In his talk to the students, Phil Gans said that ALL OF THE WOMEN were sent to the left and marched straight into the gas chambers.  This took place at the Auschwitz III camp, according to the news article.  Did he really say Auschwitz III or did the reporter make a mistake?  Phil Gans is now 85 years old; it could be that his memory is failing.
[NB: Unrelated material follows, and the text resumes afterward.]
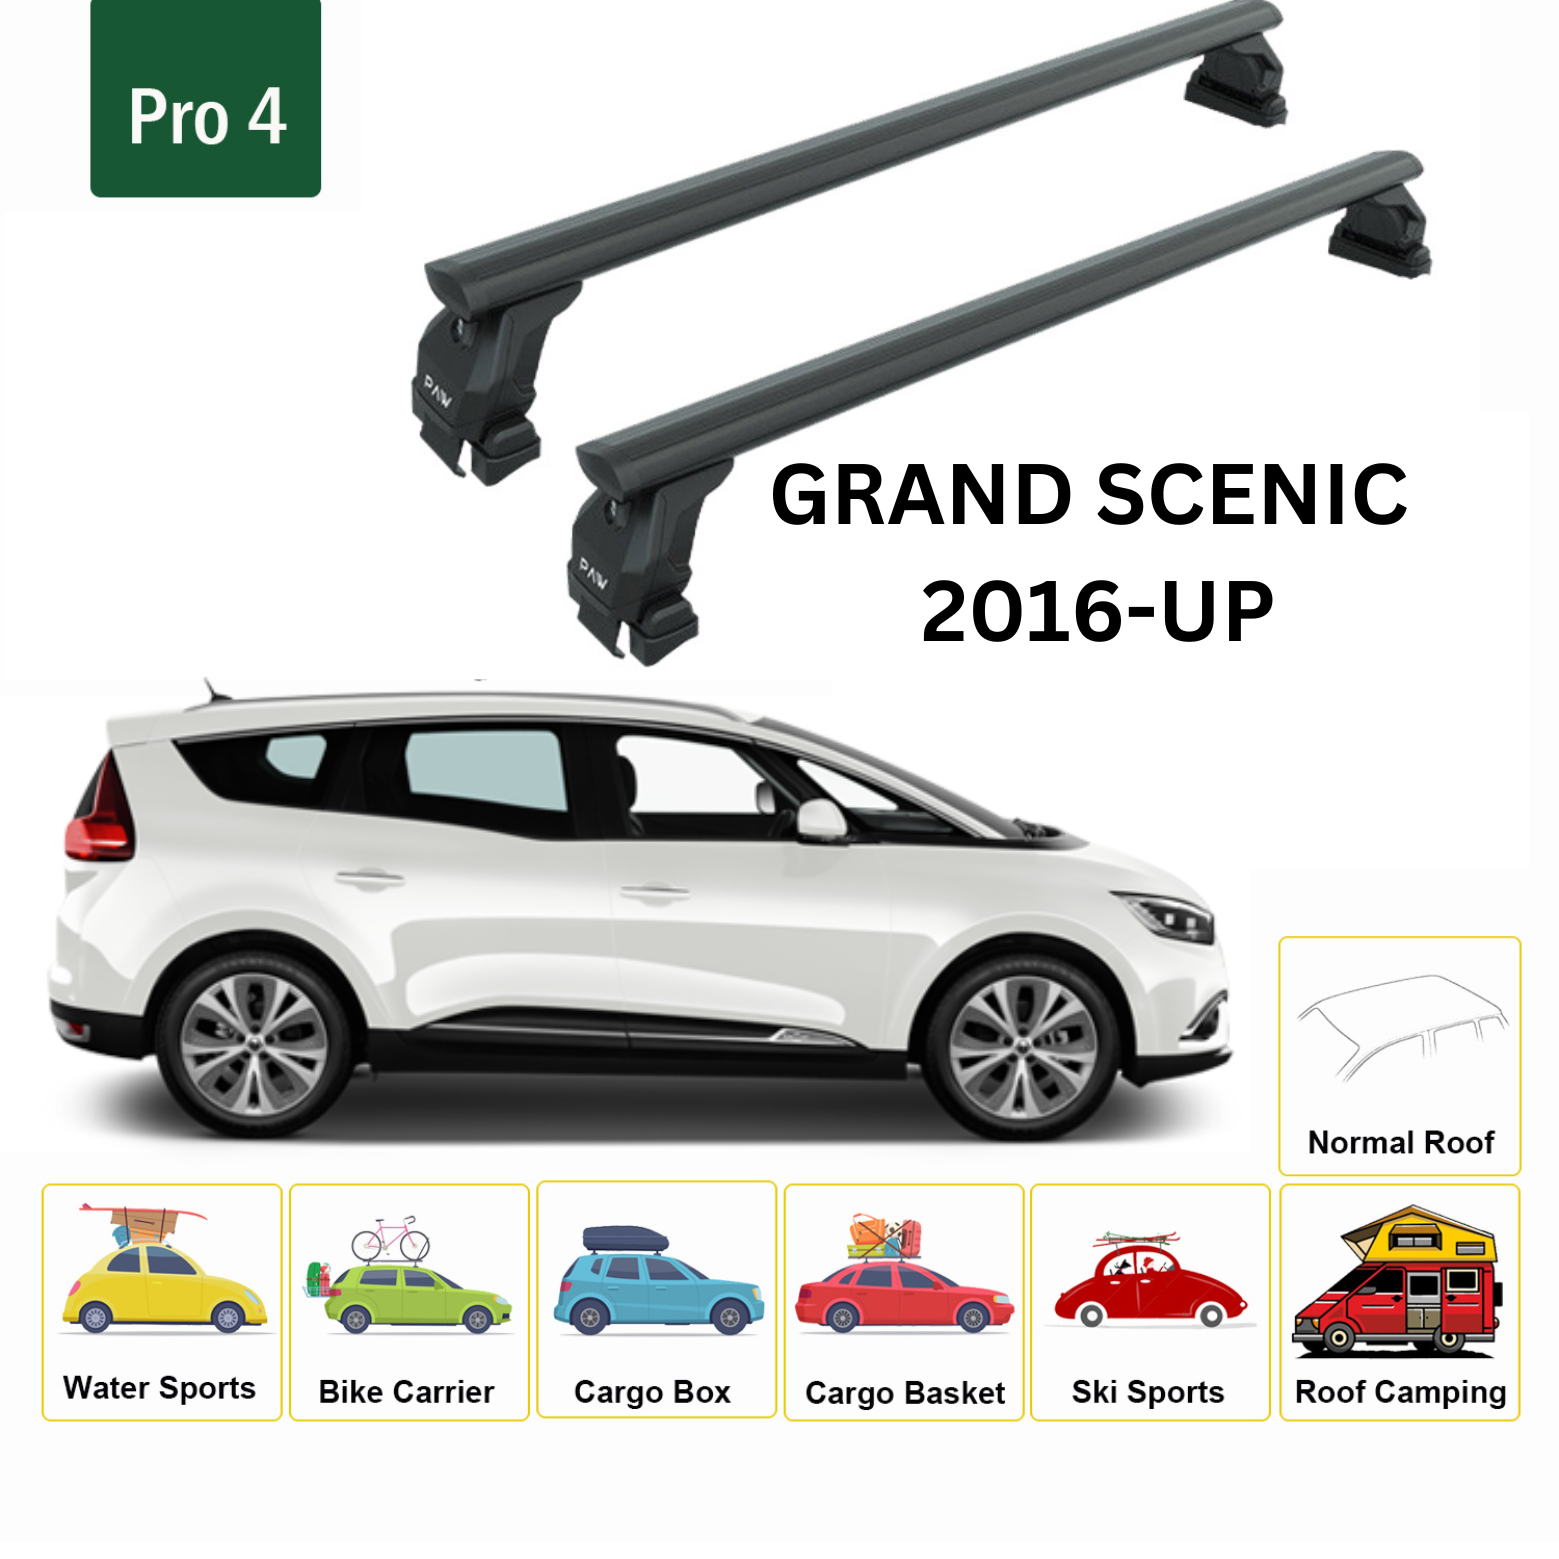 For Renault Grand Scenic 2016-Up Roof Rack System, Aluminium Cross Bar, Metal Bracket, Normal Roof, Black - 0

The selection process at Auschwitz-Birkenau in 1944

The selection process at Auschwitz-Birkenau in 1944

The photo above shows how women and men formed two lines at Auschwitz-Birkenau.  SS men at the camp then selected those who would work and those who would go immediately to the gas chambers.

Women who have been sent to the left in the selection at Birkenau

Women who have been sent to the officer’s left in the selection at Birkenau

The photo above shows two women who have been sent to the left to the gas chamber in 1944.  Or maybe, they are on their way to the Sauna, which was to the left of the train tracks, as you are facing the gate into the Birkenau camp.

The Sauna where prisoners took a shower at Birkenau

The Sauna where prisoners took a shower at Birkenau

Should a Holocaust survivor, who spent 21 months in the Nazi concentration camps during World War II, be out of the lecture circuit, telling egregious lies to uninformed students?  No, this should be a crime, punishable by five years in prison.